賑わいの街へ
商業都市セントラルムーンの入り口に立ったアルファは、石畳の道を行き交う人々の活気に目を奪われていた。様々な店が軒を連ねる賑やかな通りを歩いていると、「ハンターズギルド - 月影の狩人たち」と書かれた堂々とした建物が目に留まる。
「ハンターズギルド……?」
隣を歩くダインスレイフが答える。
『この手の街にはよくある組織だ。魔物退治から護衛まで、様々な依頼を取り扱っているらしい。』
力をつけるため、そして龍に関する情報を得るため、アルファは意を決してギルドの扉を開けた。
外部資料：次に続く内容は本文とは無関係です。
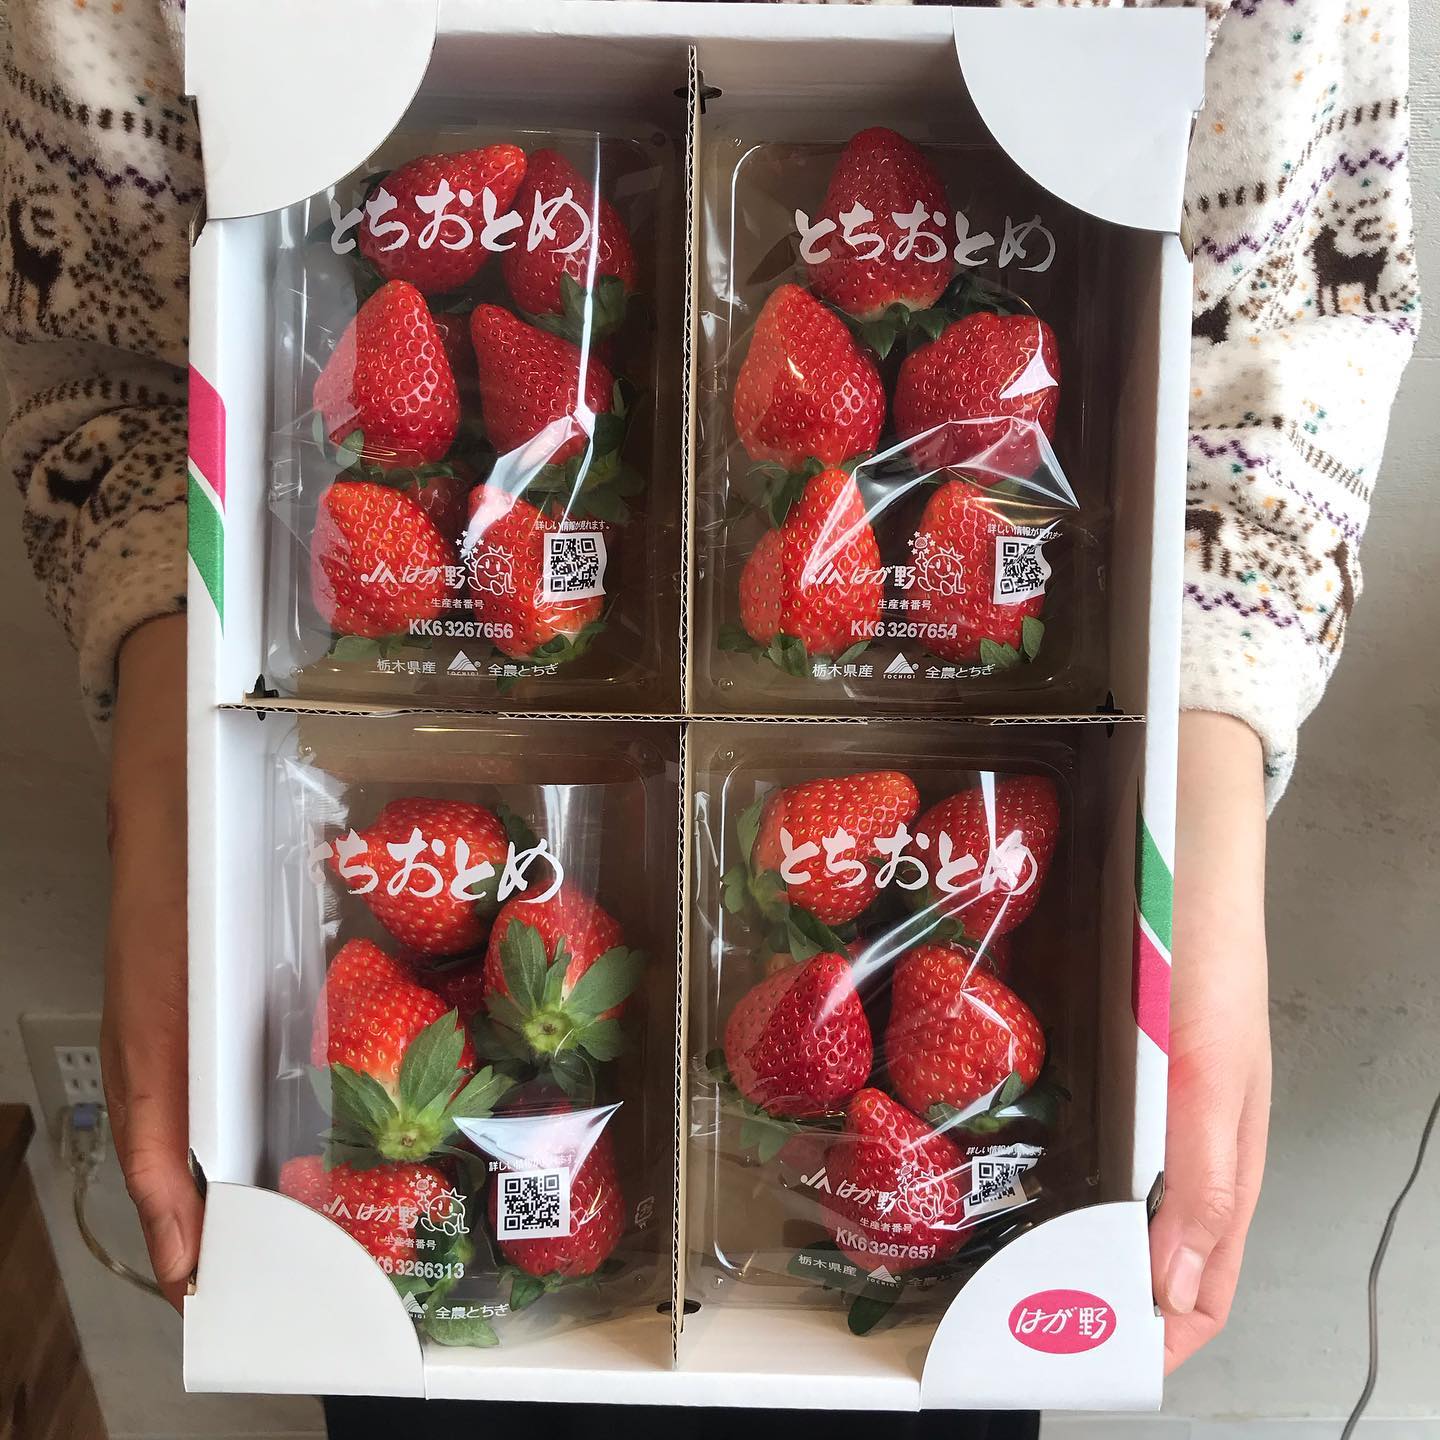 とちおとめ届きましたー栃木県真岡市の加藤農園さんのフレッシュなとちおとめです。それを使って今日から【いちごミルククリームサンド】でます！甘酸っぱい苺とミルククリームが相性抜群の去年も作った人気商品です️とちおとめの販売も行っています。美味しい苺とnoraのパンで素敵なクリスマスパーティはどうでしょう？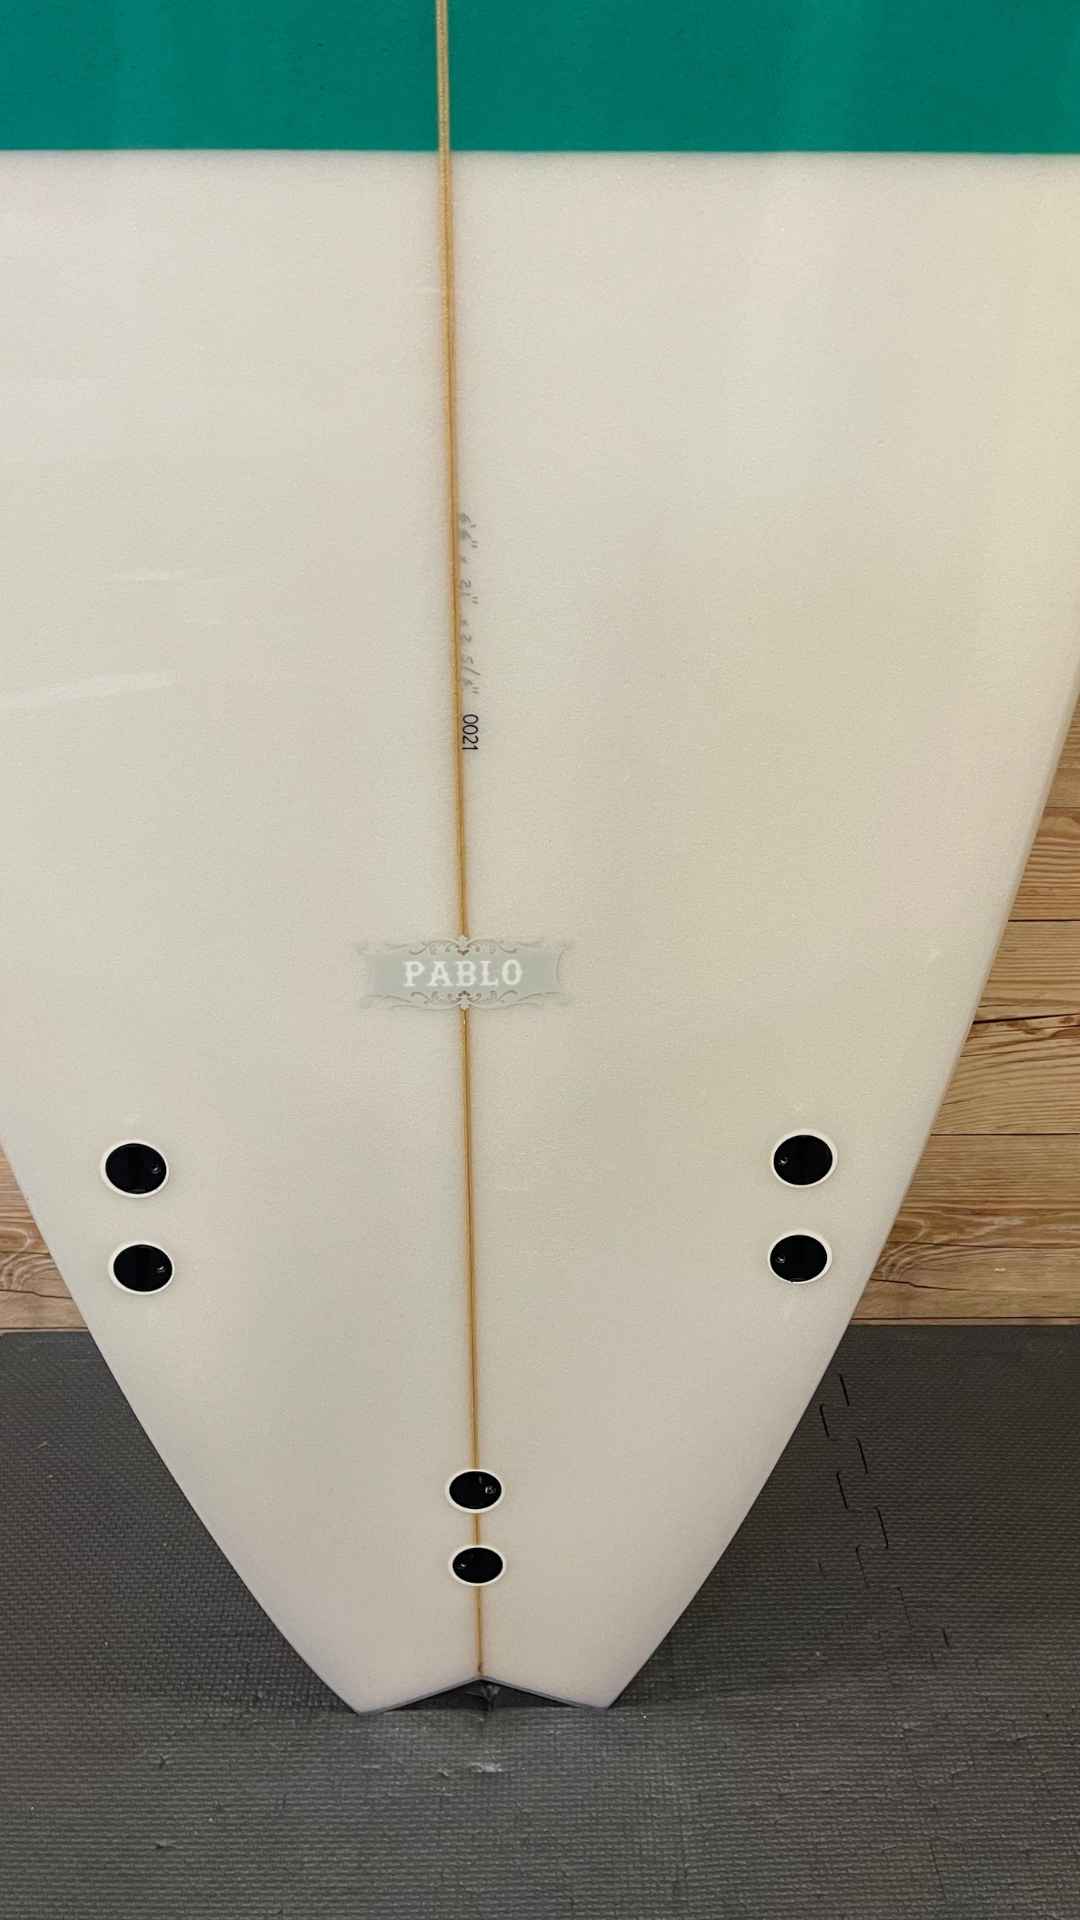 Pablo 6'6"

酒場のような喧騒の中、受付を見つけたアルファは、清楚な雰囲気の受付嬢に声をかけた。
「あの……登録はここで合っていますか?」
受付嬢は笑顔で答えた。
「はい、こちらで承っております。ハンターズギルドへようこそ。登録をご希望でしょうか?」
アルファが頷くと、受付嬢は登録用紙とペンを取り出し、説明を始めた。
「登録には、まずこちらの書類にご記入ください。お名前と年齢、得意な戦闘スタイルなどを簡単にお伺いします。ハンターとして活動する上での規約もございますので、後ほどご確認ください。特に、依頼の放棄や無許可での危険行為は禁止されています。」
書類に記入するアルファに、受付嬢はギルドのランクについて説明を続けた。
「ハンターのランクは、低い順に新人級、初級、中級、上級、特級、そしてごく一部の実力者のみが到達できる達人級、更に究極級が存在します。」
受付嬢は奥の壁に掛けられたランク表を指差した。
「最初は皆、新人級からのスタートとなります。新人級の依頼は、薬草の採取や、弱い魔物の討伐が中心です。例えば、『薬草庭園のホップフラワーを十個採取する』や、『街道に出没する小型ゴブリン三匹を退治する』といった内容ですね。これらの依頼をこなすと初級へ、さらに実績を積むことで中級、上級へとランクアップできます。ランクが上がるほど、より難易度の高い依頼に挑戦でき、報酬も増えます。」
受付嬢は熱心に続けた。「上級以上になると、大規模な魔物の討伐や、重要な護衛任務など、国の命運を左右するような依頼も舞い込むようになります。そして、特級、達人級は、まさに一騎当千の力を持つ英雄と呼べるでしょう。究極級は、語り継がれるほどの偉業を成し遂げた、ほんの一握りの伝説的なハンターのみが到達できる、最も名誉あるランクです。」
最後に、受付嬢は微笑んだ。
「最初は新人級からですが、焦らず、着実に実績を重ねてください。何かご不明な点はございますか?」
アルファは受付嬢の説明に真剣に耳を傾け、しっかりと頷いた。
「ありがとうございます。よく分かりました。」
彼は受付嬢に書類を渡し、掲示板に貼られた様々な依頼書を眺め始めた。彼のハンターとしての新たな生活が、今、幕を開けようとしていた。